Случилось это дня за два до отъезда Романыча, Семён с другом сидели за столом – то пили, то пели. Надя, приуставшая, лежала на диване. Она спала и не спала – она была еще не там, но уже не здесь. Она как раз возносилась. Еще пять минут назад она принимала живое участие в разговоре, хотя и перебралась уже на диван, горячилась, пытаясь доказать свое…
Семён ругал Сталина, но защищал Ленина, Романыч ругал всех, в том числе основоположника соцреализма Горького, которого называл почему-то снохачом. Надя пыталась вступиться хотя бы за Горького – ей очень нравился рассказ «Страсти-мордасти»… Но тут Романыч упомянул о ленинском указе, согласно которому надо было выловить и расстрелять всех проституток. И Надя, собравшаяся было вернуться к ним за стол, передумала – опустилась обратно.
И вот ниоткуда родилась тишина. Семён с Романычем молчали – наступила передышка в долгом их споре, а она, замолчавшая раньше них, возносилась. Ей казалось, она лежит на чьей-то огромной ладони, подрагивающей так, будто локоть, опершийся о твердь, занемел. Она была приподнята надо всем земным, дневным, но не вознесена еще в сон. Зыбкое марево окружало ее. Вдруг сквозь это марево пробилась фраза – она вплыла к ней откуда-то издалека, изуродованная долгой дорогой, казалось, ее пропустили сквозь извилистые трубки валторны. Вначале она не поняла ее смысла.
– Как там она? – это говорил он. И после века молчания: – Всё с ним?
И тут же ладонь, на которой она возносилась, перевернулась – сон разбился вдребезги. Она совершенно очнулась, но глаз не открыла.
Видать, Романыч кивнул на нее. Видать, он обернулся и посмотрел, и сказал:
– Спит.
Вот тогда-то она и позволила Романычу поцеловать себя. (Только ли поэтому?) И она видела, что нравится Романычу. И Романычу не хотелось уезжать. Он сказал, что вернется. И вернулся.
Но как вести себя с ним?.. Она уже забыла состояние, в котором жила тогда, она изменилась, а Романычу, конечно, захочется видеть ее той же. Тогда Семён не бросал небрежно фотографий Гудрун – теперь бросает. Тогда Семён не предлагал ей замужество – теперь предлагает. Она уже свыклась с тем, что Романыч исчез из ее жизни навсегда, а он тут как тут. И вот, несмотря на отсутствие каких-либо «за», она рада, непозволительно рада Романычу. Рада видеть эти печальные глаза Пьеро.
– Представляешь, этот негодяй остановился где-то в городе. Он, видите ли, будет навещать нас.
– Романыч, как тебе не стыдно?! Мы тебя не отпустим…
– Нет, нет, нет. Я буду приезжать, правда. Я приеду.

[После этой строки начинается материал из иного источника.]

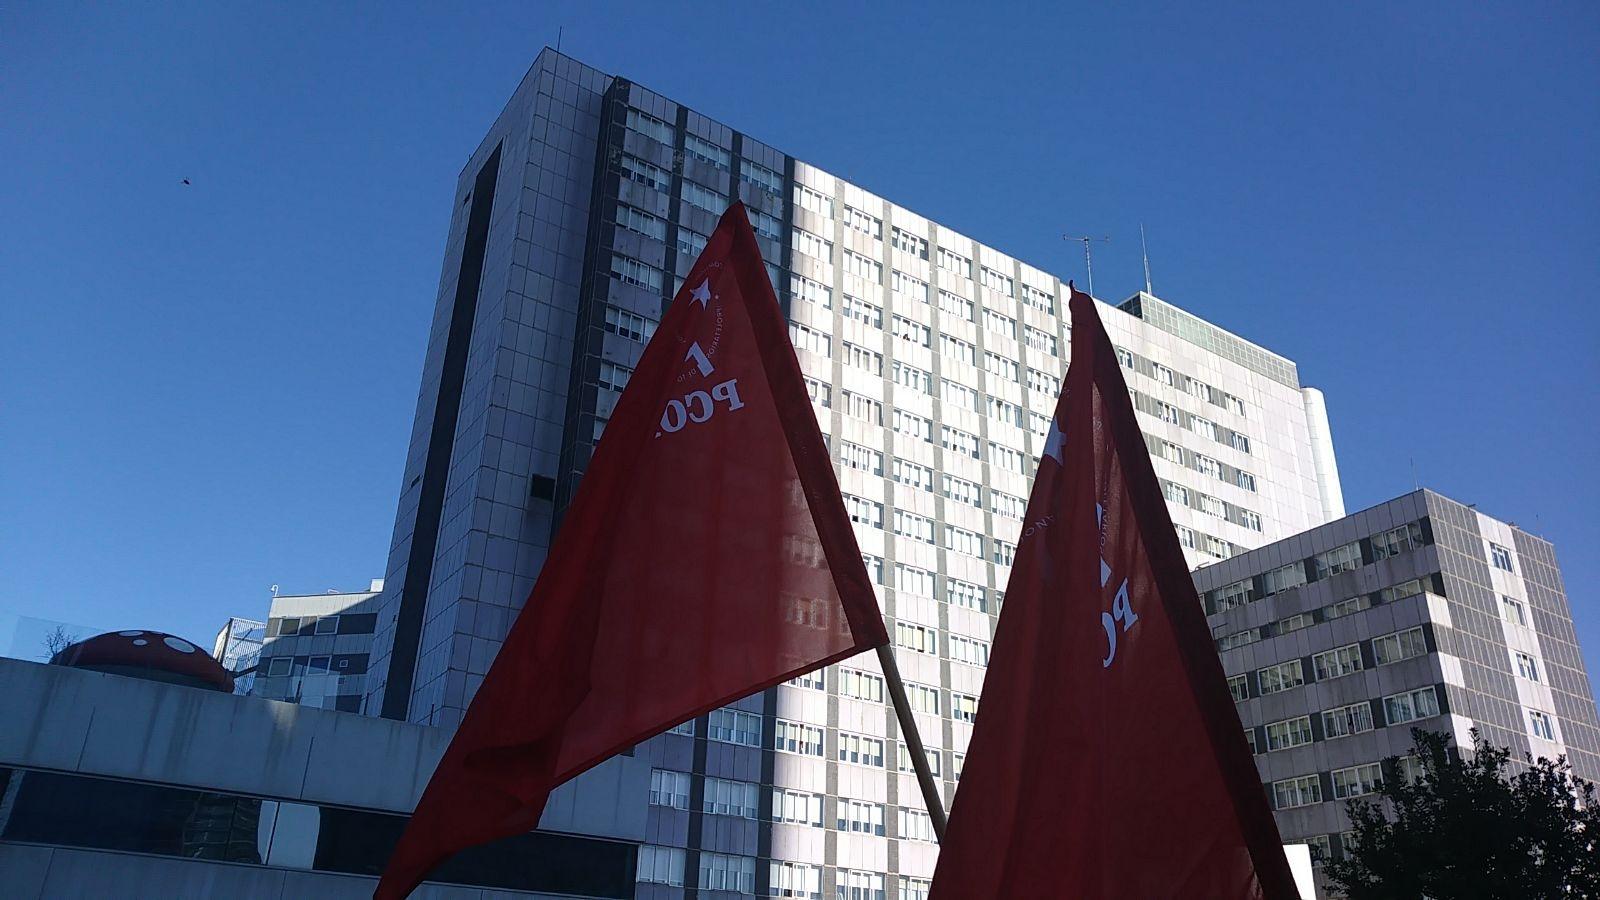 El pasado domingo 21 de enero el PCOE asistió a la manifestación en favor a la sanidad pública en el hospital la Paz de Madrid. Denunciamos el claro deterioro que sufre…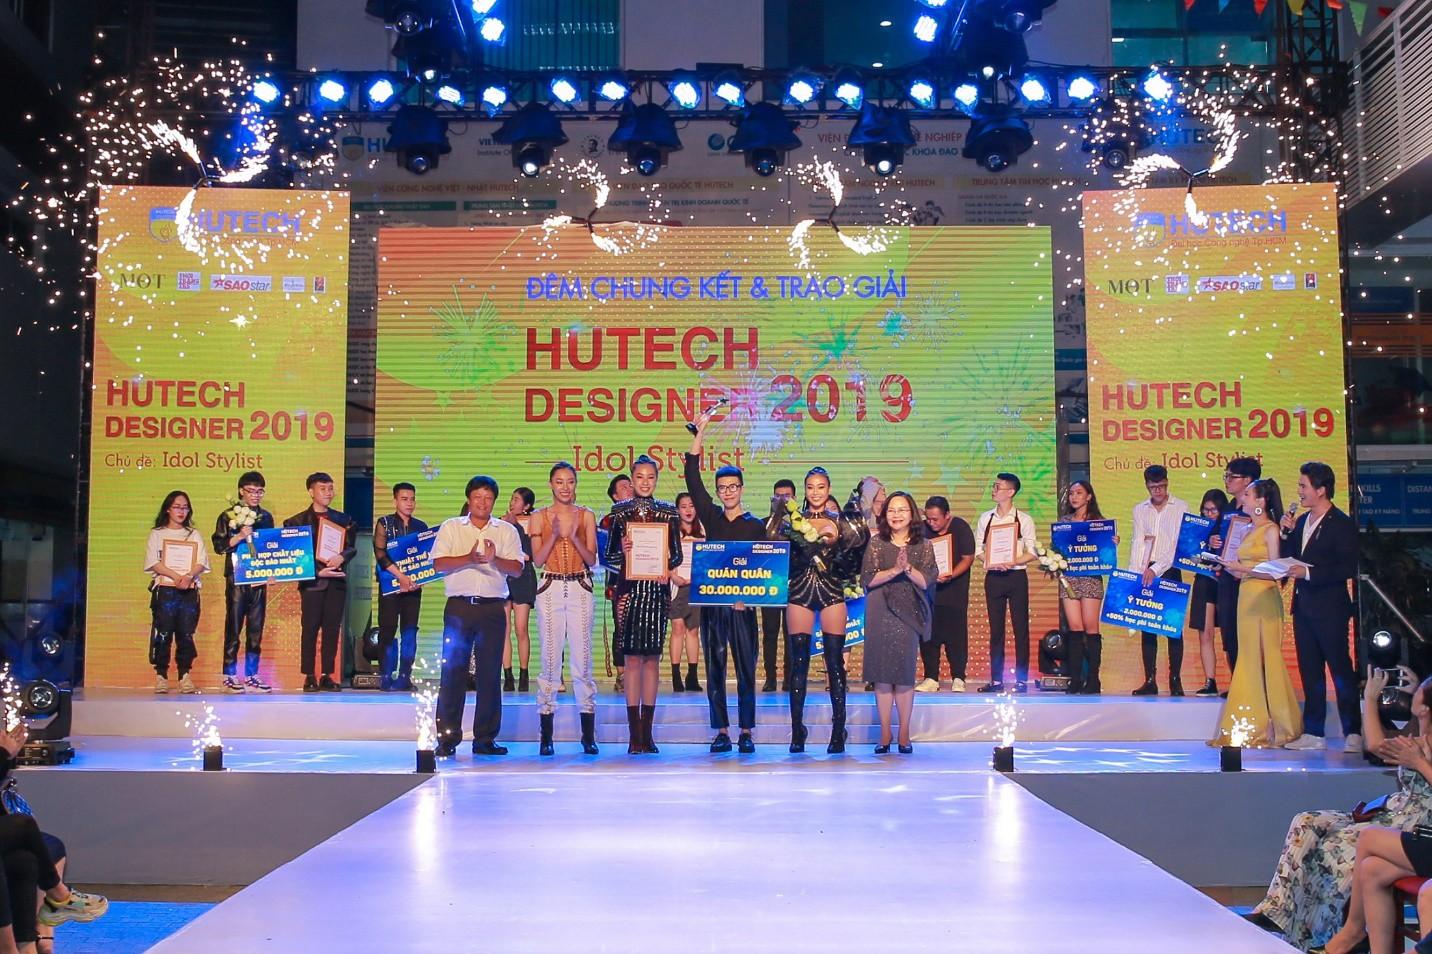 """Quán quân HUTECH Designer 2019 đăng quang với ý tưởng """"lạ"""" - Mũ giáp Kabuto - Ảnh 3."""

Он приехал через два дня. Семён сидел в домике у водопада, Романыч, не заходя туда, свернул к ней. Надя накормила его и села за работу. А он не уходил.
Он смотрел, как она вяжет, молча, не отрываясь, смотрел на ее руки. Надя забеспокоилась. Комната преобразилась, стала вдруг неуютной, даже чужой и страшной. Надя стремительно – всё убыстряя темп – вязала. Она чувствовала: вот сейчас молчание будет разорвано, как пузырь, и родятся слова. И их уже не затолкаешь обратно – нужно будет отвергнуть их или принять, а обратно их уже не затолкать. Слова-дауны. И она, она всему виной! И придется потом жить с этим – она закусила губу, так ясно ей представилась эта кошмарная, кровосмесительная, предательская и оттого до дрожи, до бесстыдства пронзительно-сладкая сцена: Романыч отбрасывает шляпу, которой она прикрывается, расстегивает халат и, глядя прямо ей в зрачки этими своими узкими, в припухших веках, глазами, медленно, очень-очень медленно…
Надя остановилась и твердо сказала, что нужно, пожалуй, идти к Семёну, но Романыч заговорил одновременно с ней. Он произнес:
– Хочешь… увидеть Гудрун?
– А разве?!
– Она здесь. В городе.
Надя, разом остыв, шла с Романычем к остановке. Встречные оглядывались, шептались, внутренним слухом она слышала: «Это что ж? Нового, что ли, завела? Видать, да. Тот-то повыше вроде будет и такой… бычара. Дикарь тоже: не видать и не слыхать. А этот тощенький какой. Страшон-то, страшон… И где она их только берёт?..»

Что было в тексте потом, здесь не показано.